- Born: 1968 (age 57–58)
- Occupation: Philosopher

Academic background
- Alma mater: Cornell University

Academic work
- Discipline: Philosophy
- Sub-discipline: The meaning of life; ethics; political philosophy; philosophy of law; African philosophy; non-Western philosophy
- Institutions: University of Pretoria

= Thaddeus Metz =

American philosopher (born 1968)

Thaddeus Metz (born 1968) is an American philosopher, academic and author who has lectured at mainly South African universities. He currently teaches at the University of Pretoria.

== Education and career ==
Metz earned a PhD from the Sage School of Philosophy at Cornell University in 1997. In 2015, Metz was appointed to the position of Distinguished Professor at the University of Johannesburg, a position he held until 2019. This was followed by a position as Research Professor of Philosophy at the University of Pretoria in 2020.
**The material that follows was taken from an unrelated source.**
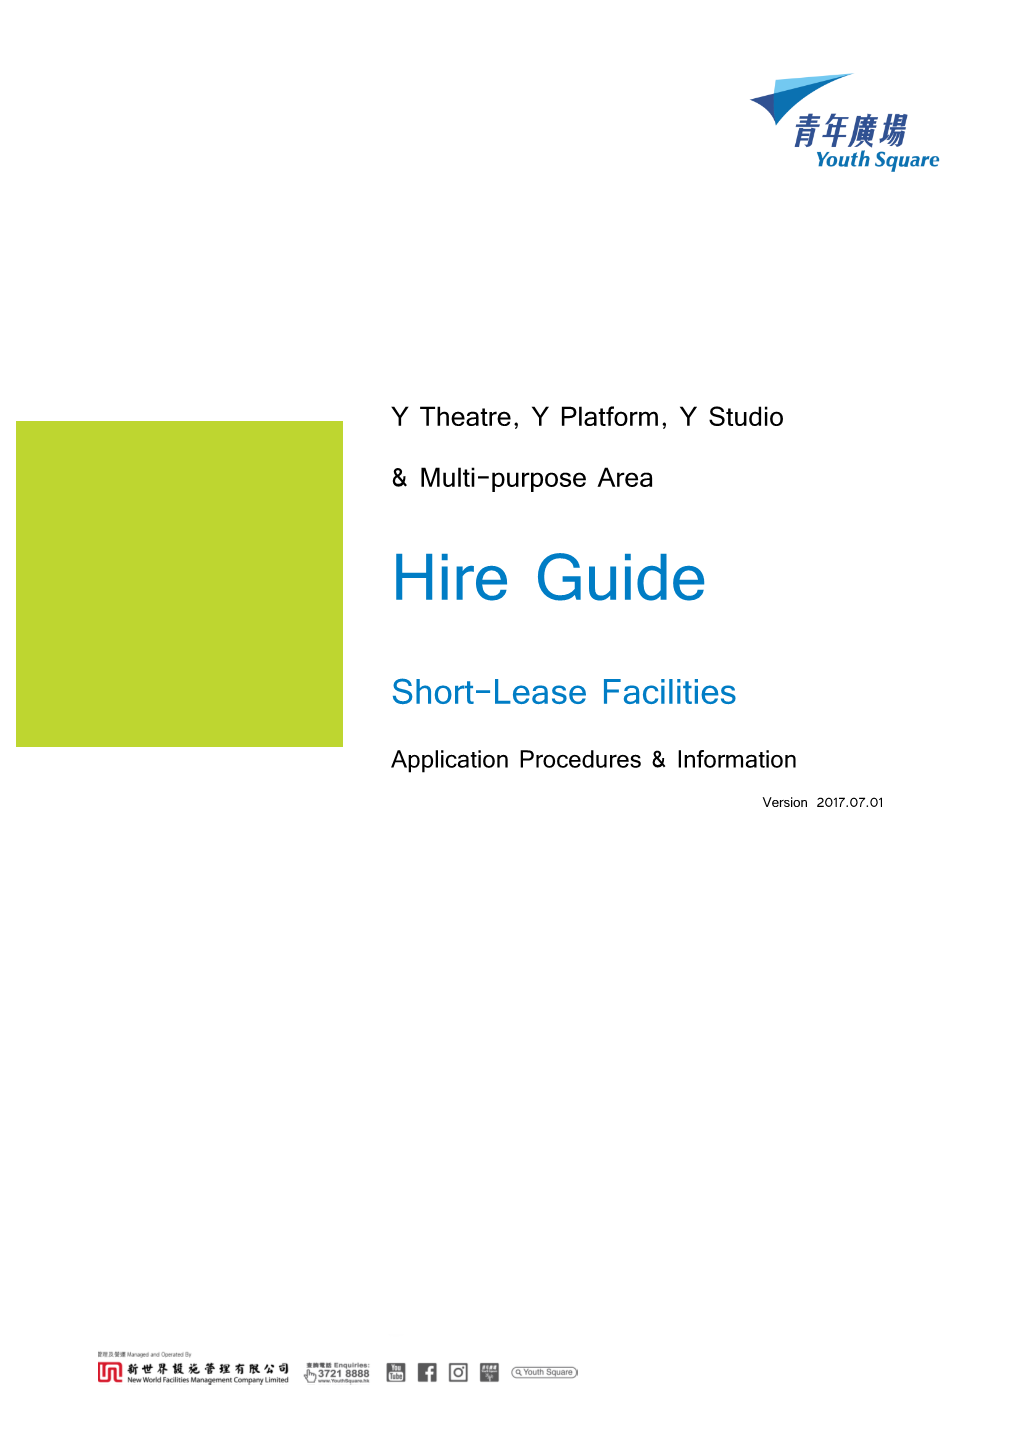 Hire Guide Short-Lease Facilities

Metz has supervised doctoral students from many different countries, including Mpho Tshivhase, the first African woman from South Africa to get a PhD in philosophy, and Doreen Sesiro, the first African woman from Botswana to do so.

== Philosophical work ==
Much of his work 'takes an analytic approach to African morality, the meaning of life, the nature of mental health, the point of a university, the role of a legal system, and a range of other topics in value theory and moral-political philosophy'. In particular, he (alongside Susan R. Wolf) is often credited for having helped develop life's meaning as a distinct field in Anglo-American philosophy. In recognition of having brought African philosophical ideas to global audiences of scholars, Metz was once designated one of ‘The World’s Top 50 Thinkers’ by Prospect Magazine.

== Bibliography ==
=== Books ===

- What Makes Life Meaningful? A Debate, with Joshua Seachris (London: Routledge, 2024). ISBN 9781032566153
- A Relational Moral Theory: African Ethics in and Beyond the Continent (Oxford: Oxford University Press, 2022). ISBN 9780198748960
- God,Soul and the Meaning of Life (Cambridge: Cambridge University Press, 2019). ISBN 9781108661652
- Meaning in Life: An Analytic Study (Oxford: Oxford University Press, 2013). ISBN 9780191747632

=== Articles ===

- Metz, Thaddeus (2012). An African Theory of Moral Status: A Relational Alternative to Individualism and Holism. Ethical Theory and Moral Practice 15 (3): 387-402.
- Metz, Thaddeus (2011). The Good, the True and the Beautiful: Toward a Unified Account of Great Meaning in Life. Religious Studies: An International Journal for the Philosophy of Religion 47 (4): 389-409.
- Metz, Thaddeus (2011). Ubuntu as a Moral Theory and Human Rights in South Africa. African Human Rights Law Journal 11 (2):532-559.
- Metz, Thaddeus and Gaie, Joseph (2010). The African Ethic of Ubuntu/Botho: Implications for Research on Morality. Journal of Moral Education 39 (3): 273-290.
- Metz, Thaddeus (2007). Toward an African Moral Theory. Journal of Political Philosophy 15 (3):321-341.
- Metz, Thaddeus (2002). Recent Work on the Meaning of Life. Ethics 112 (4):781-814.
- Metz, Thaddeus (2001). The Concept of a  Meaningful Life. American Philosophical Quarterly 38 (2): 137-153.
- Metz, Thaddeus (2001). Respect for Persons and Perfectionist Politics. Philosophy and Public Affairs 30 (4): 417-442.

== Secondary literature ==
Special journal issues and books devoted to Metz's research include:

- Kirk Lougheed (ed.) 'Thaddeus Metz's A Relational Moral Theory’, Social Theory and Practice 51 (2025).
- Olatunji Oyeshile (ed.) 'On an African Moral Theory', African Philosophical Inquiry 11 (2023).
- Paul Slama and Carien Smith (eds) 'Meanings of Gods. Questions to Thaddeus Metz', International Journal of Philosophy and Theology 82 (2021).
- Yujin Nagasawa (ed.) 'Book Symposium: Thaddeus Metz's Meaning in Life, European Journal for Philosophy of Religion 8 (2016).
- Masahiro Morioka (ed.) Reconsidering Meaning in Life: A Philosophical Dialogue with Thaddeus Metz (Saitama, Japan: Waseda University, 2015).

== Honours ==

- Metz has been awarded an ‘A’ rating for the quality and impact of his research four times by the South African National Research Foundation.
- Metz was elected to the Academy of Science of South Africa.